Reproduce the data below exactly. Skip the pictures.

> _Supplied data_

*** Begin section ***

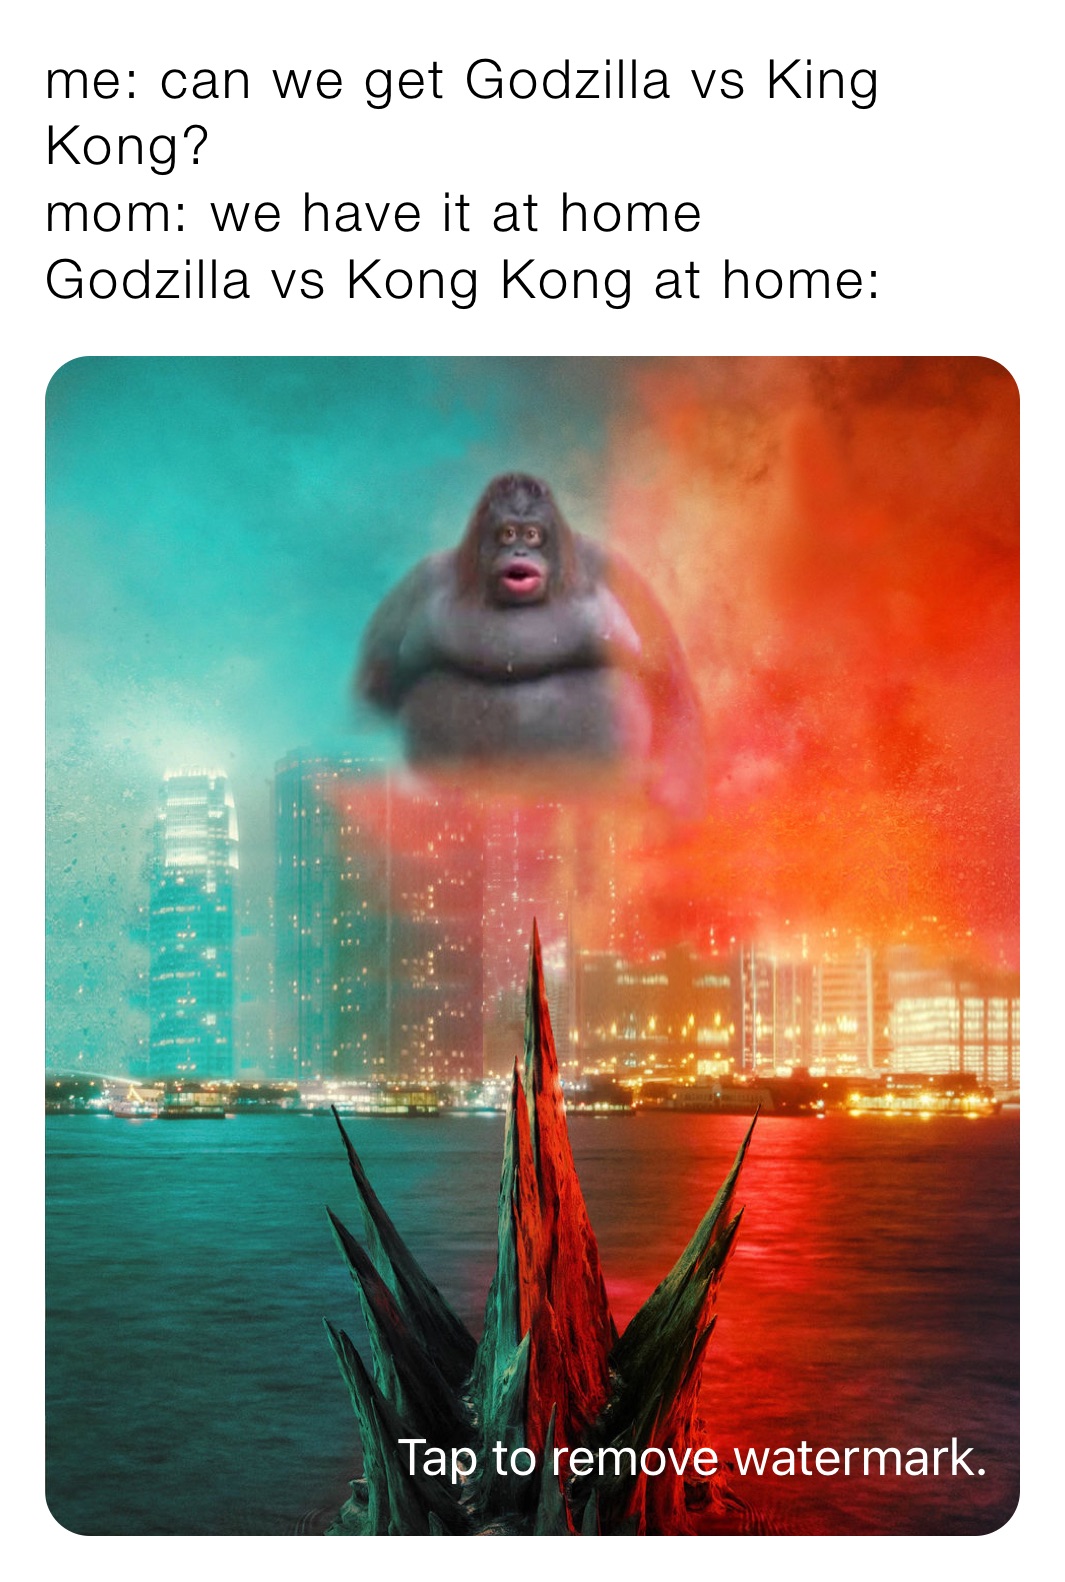 me: can we get Godzilla vs King Kong?
mom: we have it at home
Godzilla vs Kong Kong at home:

*** End section ***

> _Answer to this problem_
 me: can we get Godzilla vs King Kong?
mom: we have it at home
Godzilla vs Kong Kong at home:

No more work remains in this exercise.